The Scottish Premier League's decision to introduce a split in the league after 33 games—breaking the league up into two separate groups of six for the remaining five matches—has often been the subject of ridicule and derision, or at the very least contempt, on the part of pundits, journalists, supporters and managers.

What seems to be ignored, though, is the extra dimension the split gives to the league towards the end of the season, in the sense that it provides competition and an extra edge which might otherwise be lacking, particularly in a league where the vast majority of sides normally have no chance whatsoever of mounting a serious championship challenge.

Brought in for the 2000-01 season, the concept was originally conceived as a means by which the league would be able to avoid each team having an overly crowded fixture list of 44 games while maintaining a 12-team league.

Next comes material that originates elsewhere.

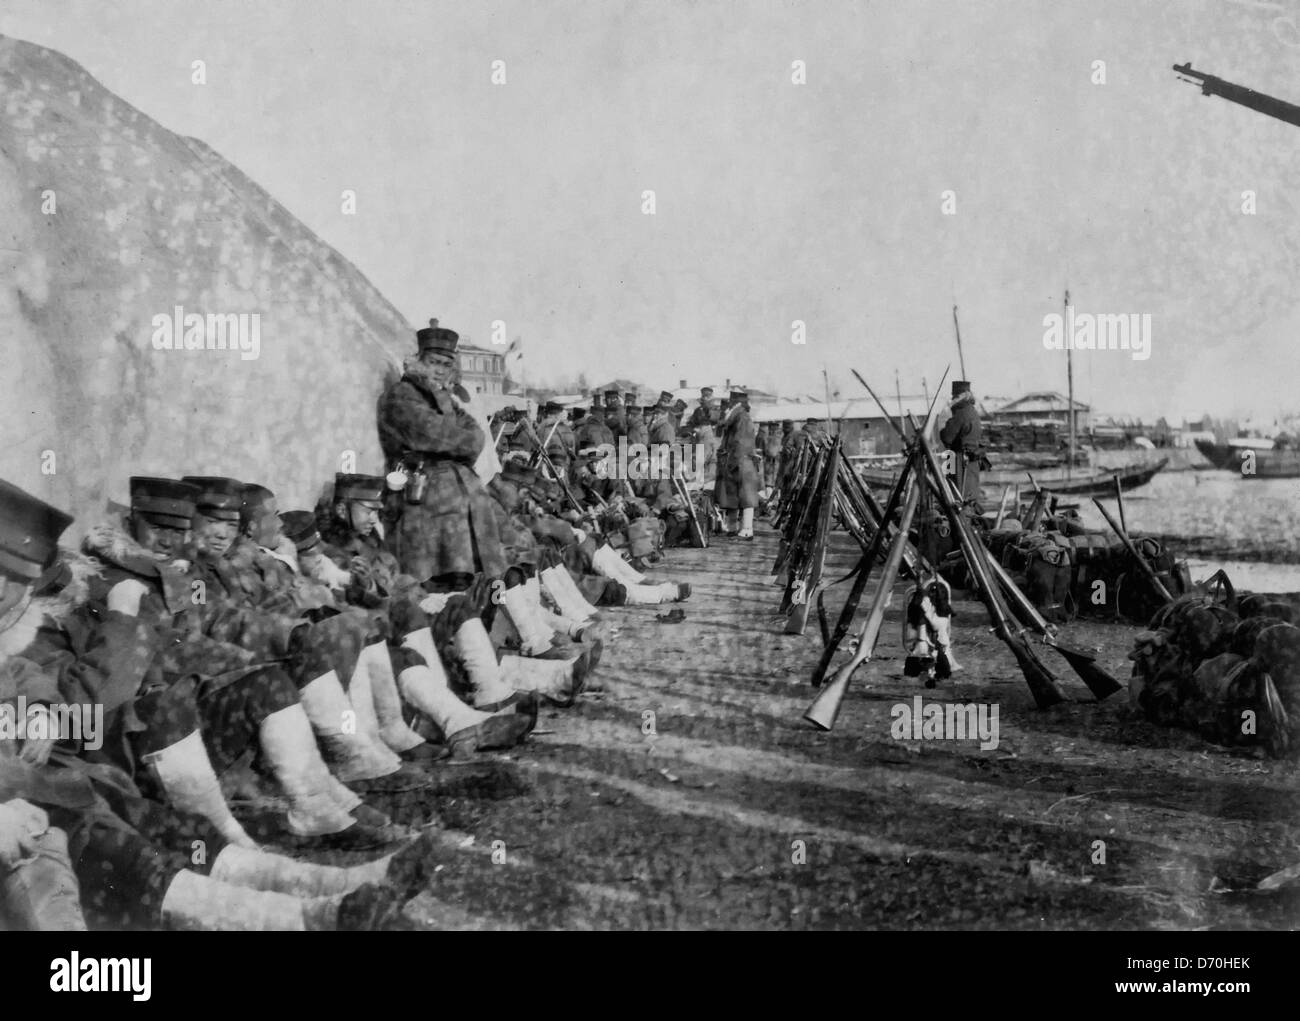 Ankunft von japanischen Soldaten bei Chemulpo, Korea während der Russo-japanischer Krieg, 1904 Stockfoto

For those of you who perhaps don't follow Scottish football, here's a brief explanation of how the whole thing works.

After 33 matches have been played, the league is divided into two divisions of six, dubbed "The Championship group" and "The Relegation group."

From this point on, each team plays the other teams in its particular group once, with movement between the two in terms of league position closed off. For example, there have been a number of instances where the team in seventh place has ended up with more than the team in sixth, but owing to the nature of the split and the difference in the quality of opposition between the two groups, this hardly comes as much of a surprise.

Essentially, the introduction of the split was for organizational purposes, in order to allow for a 12-team league which wouldn't see teams playing too large a number of games.

Some managers—Craig Levein and Walter Smith most notably—have come out in criticism of the split, feeling perhaps that it hadn't personally worked out in their favour at times and have called for a move to a larger league, but would that really solve anything?

As it is, the split genuinely does give the league an extra level of excitement, even if it doesn't get the credit for the innovation it is.

Teams are desperate to make it into the top six to get a chance at qualifying for Europe and to get the prize money which increases the higher up you finish, and even if the bottom six matches are often criticised for being dull and uninteresting, this only increases the incentive for teams to avoid playing there and makes competition for places all the more fierce.

Saturday afternoon was the perfect example of what the split can provide in terms of excitement.

Aberdeen, Dundee United, Kilmarnock and Hibernian all went into their games with a chance of securing a top-six finish, and as the situation chopped and changed over the course of the 90 minutes, it took until practically the last kick of the ball for things to be resolved.

Hibs had ruled themselves out of contention, going down to a 3-0 defeat at Parkhead, but with Kilmarnock drawing and then trailing to a Gary Harkins inspired Dundee, Aberdeen and Dundee United both only needed a goal in their match at Tannadice to guarantee themselves a place in the top six.

As the minutes ticked by, it started to look increasingly likely that Kilmarnock were going to limp over the line, only for Rory Boulding to pop up right at the death to snatch victory and a top-six finish for United.

Drama, intrigue, nerves, a stoppage-time winner—what more could you ask for?

In an age where football's biggest games are so often turgid and uninspiring, and in a season where few leagues in Europe have given us anything even approaching a title race, we should be glad when we do get a bit of excitement, and it's pleasing to see that the SPL is still capable of serving it up.

Of course, we'd all rather if Motherwell, Dundee United or Inverness Caley Thistle were challenging Celtic for the title, but you'd be naive to think this had ever been a possibility.

People have every reason to criticise the SPL, an entity whose very purpose and existence seems questionable, but they deserve credit when something they introduce works out.

In the case of the split, I think they got it pretty spot on.